◆ INFORMATION PROVIDED
━━━━━━
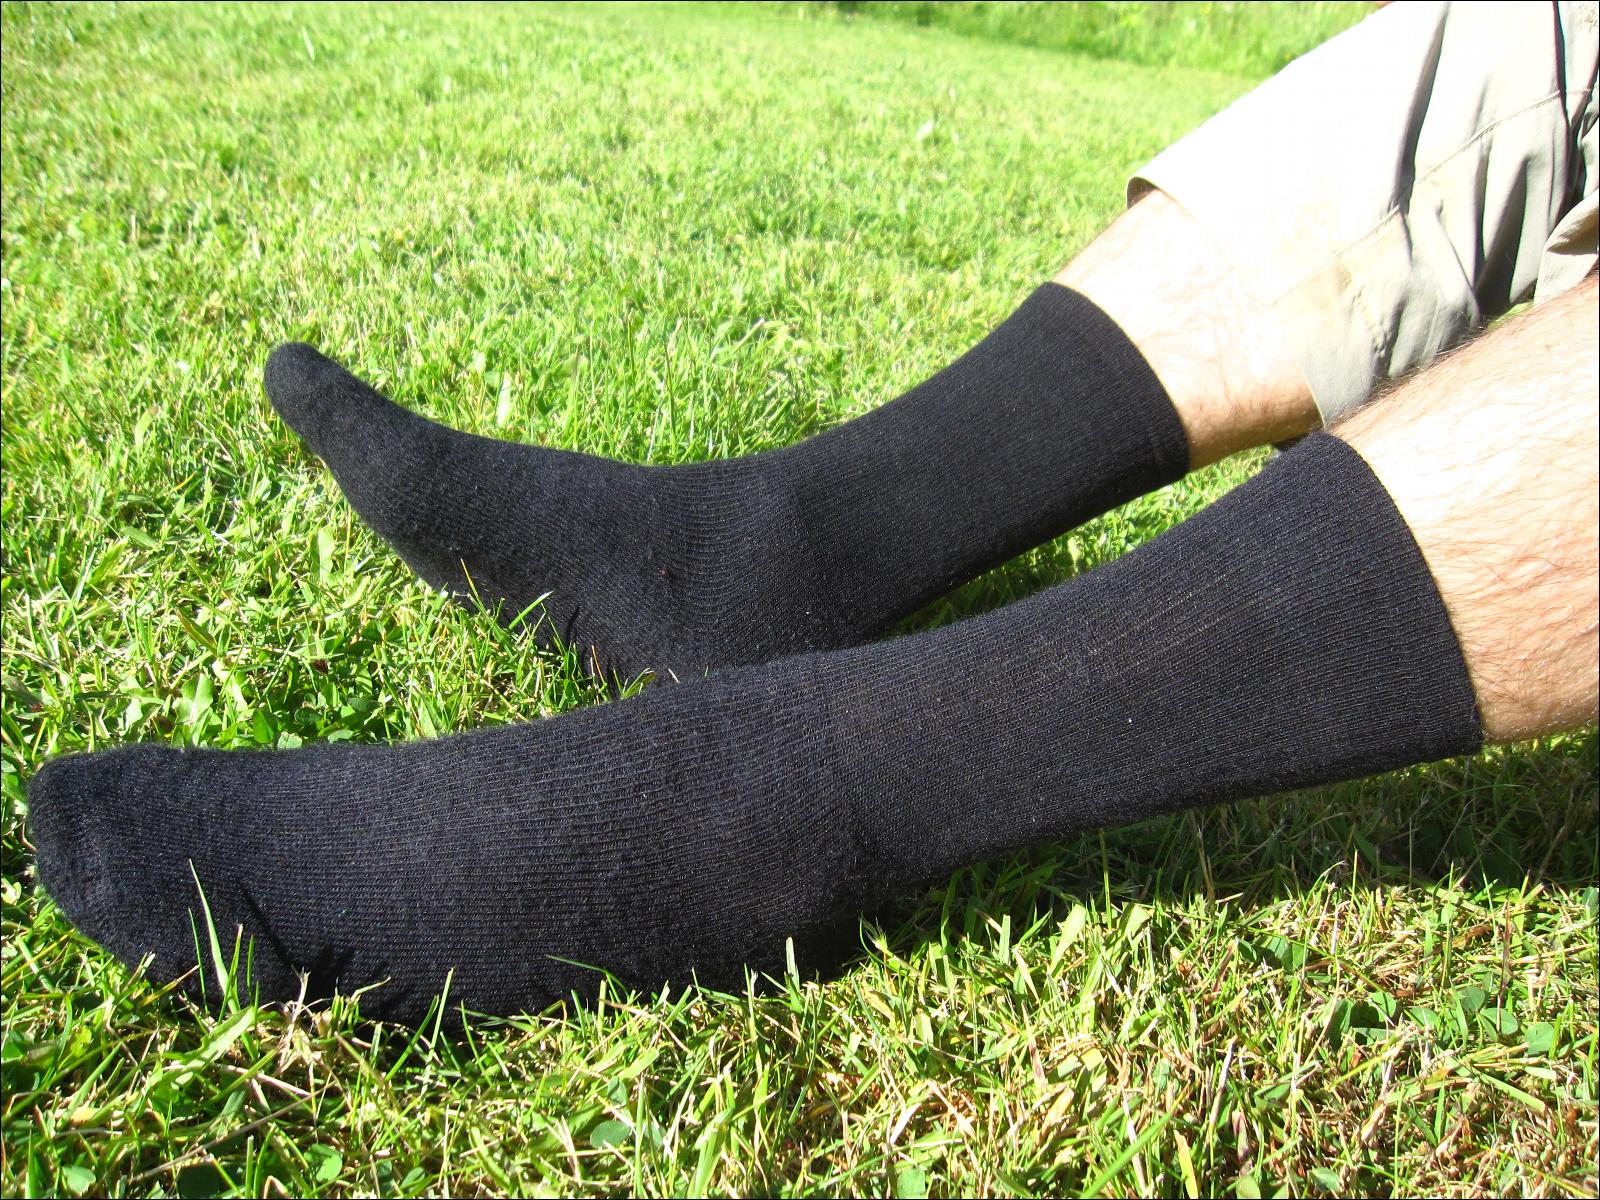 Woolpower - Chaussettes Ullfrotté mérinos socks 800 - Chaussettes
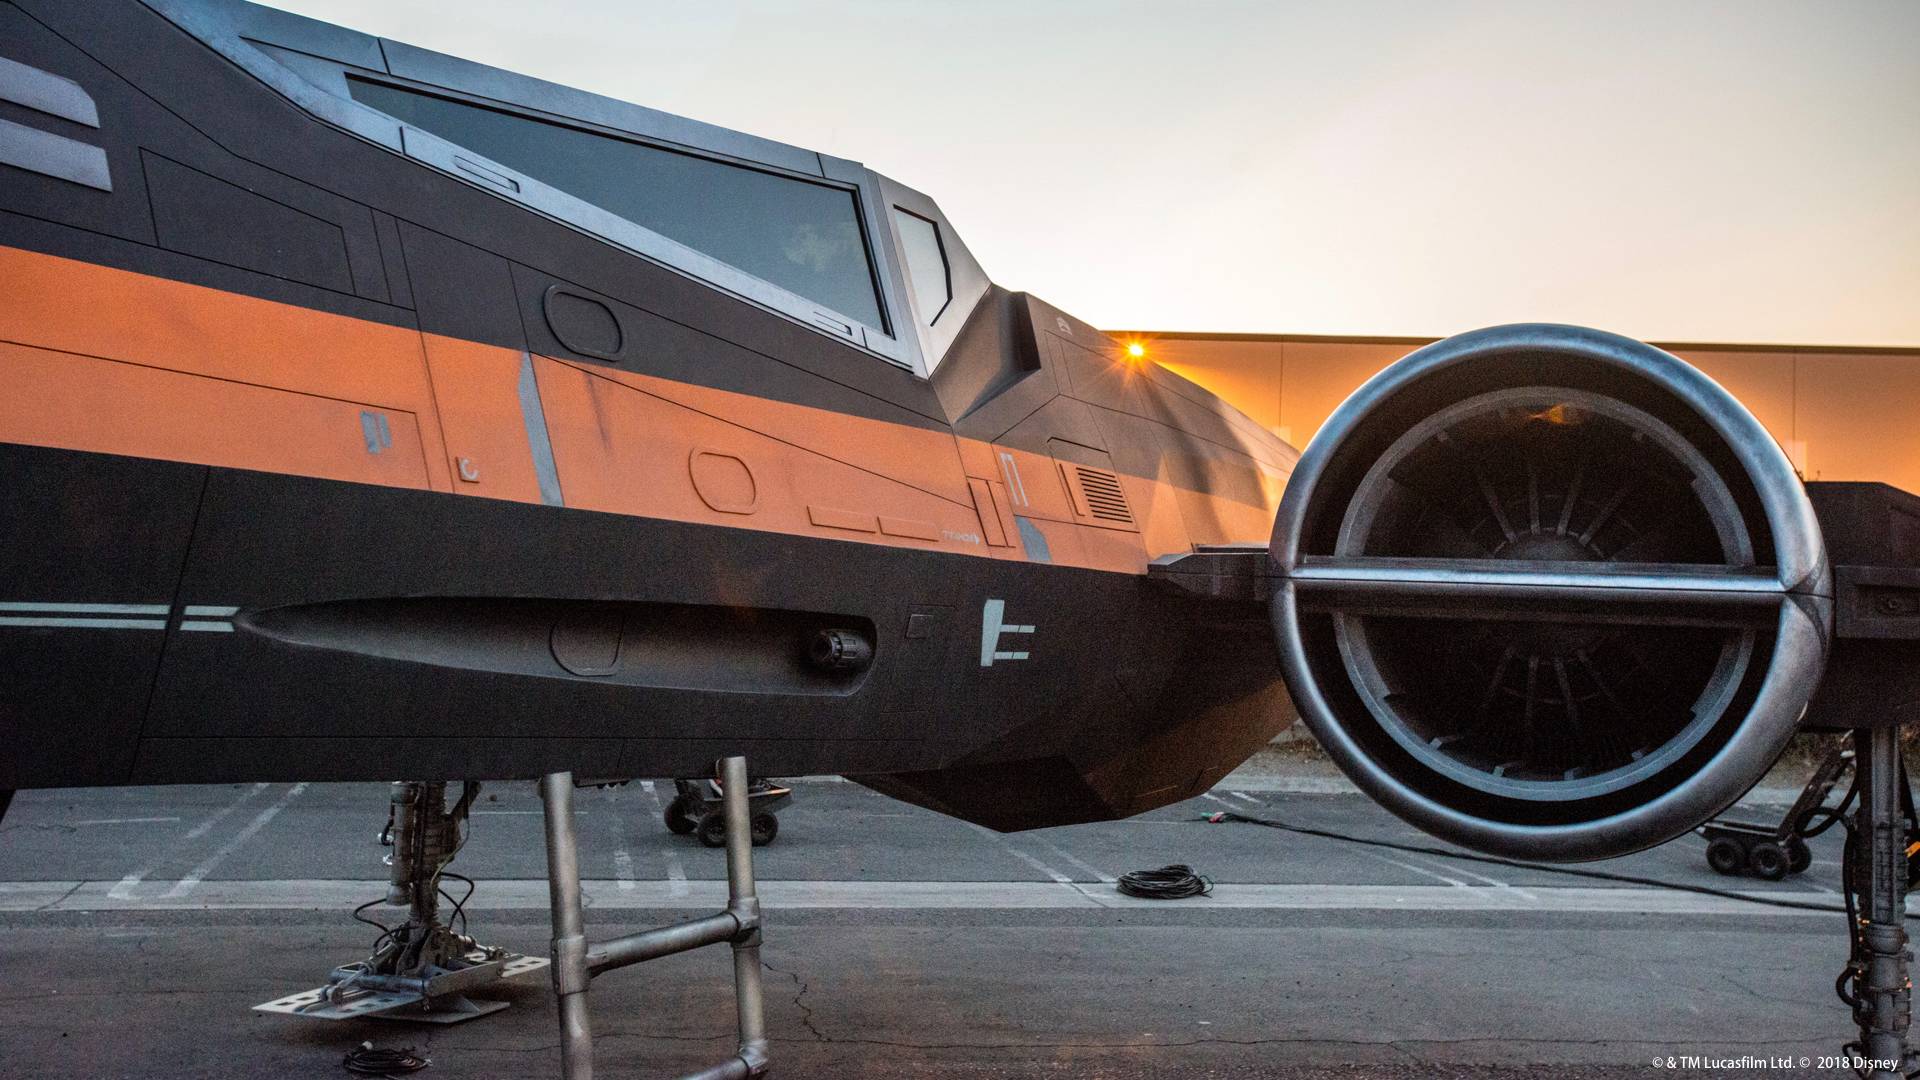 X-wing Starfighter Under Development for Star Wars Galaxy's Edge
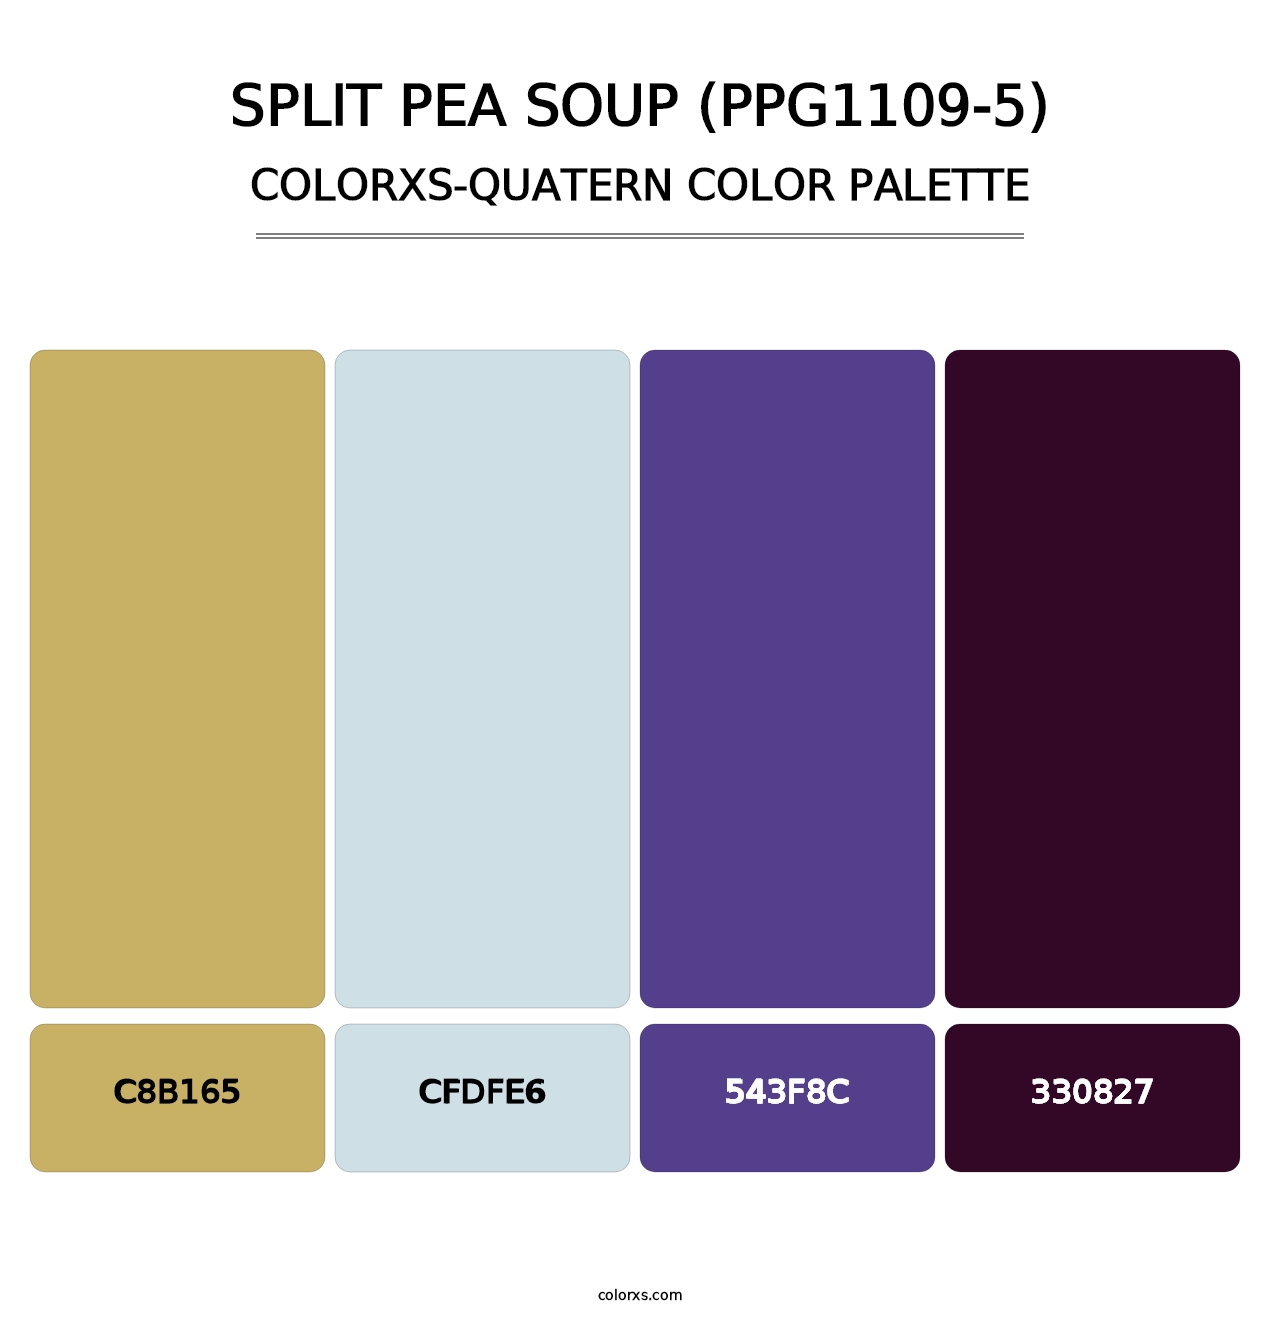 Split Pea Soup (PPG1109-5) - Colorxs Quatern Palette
━━━━━━
◆ DESCRIPTION OF THE TASK
With the pictures omitted, reproduce the data above exactly.

◆ SOLUTION
 Woolpower - Chaussettes Ullfrotté mérinos socks 800 - Chaussettes
 X-wing Starfighter Under Development for Star Wars Galaxy's Edge
 Split Pea Soup (PPG1109-5) - Colorxs Quatern Palette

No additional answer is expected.